The Internet Association, a group that represents Facebook, Amazon and Alphabet’s Google, among other technology and internet companies, said on Tuesday (Sept. 11) that it supports data privacy rules in the U.S. that are more modern, but urged lawmakers to approach the issue nationally.
According to a report in Reuters, citing The Internet Association, the trade group wants the rules to preempt a new regulation on the books in California that comes into effect in 2020. The trade group represents 40 major internet and technology companies, including Netflix, Microsoft and Twitter.
“Internet companies support an economy-wide, national approach to regulation that protects the privacy of all Americans,” the group said, adding that it backed ideas that would make sure consumers have “meaningful controls over the personal information they provide.” The group also said that consumers should be able to delete data, request corrections or have personal information taken down, as well as have access to the personal information they provide the company.

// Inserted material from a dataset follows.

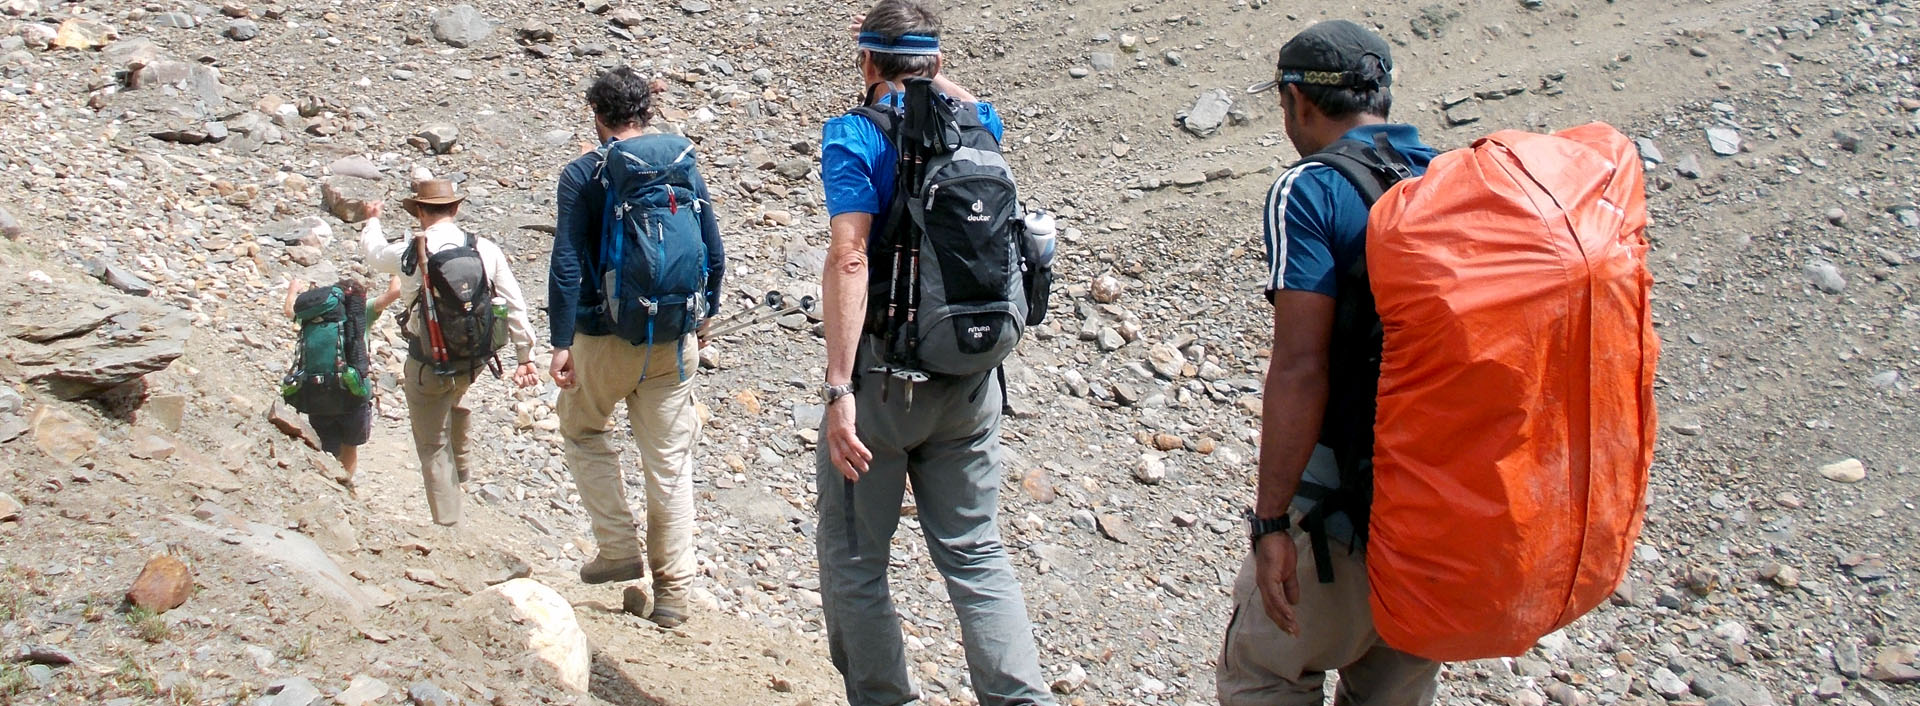 trainee traveling on a route with backpacks on backpacking skills course

In an interview, Michael Beckerman, president and chief executive officer of The Internet Association, told Reuters the data privacy proposals are “very forward-looking and very aggressive,” and that the Association wants to make sure the rules will be technology- and sector-neutral, meaning any new proposals would cover data uses for all types of industries. The aim is to get it into place before the California law kicks in.
Jerry Brown, the governor of California, signed the data privacy legislation into law in June, providing consumers with more control over their data and how companies collect and use it. With the law starting in 2020, big companies would have to let consumers see the data they collected and respond to requests for deletion. The companies also have to enable customers to opt out of having their data sold to vendors.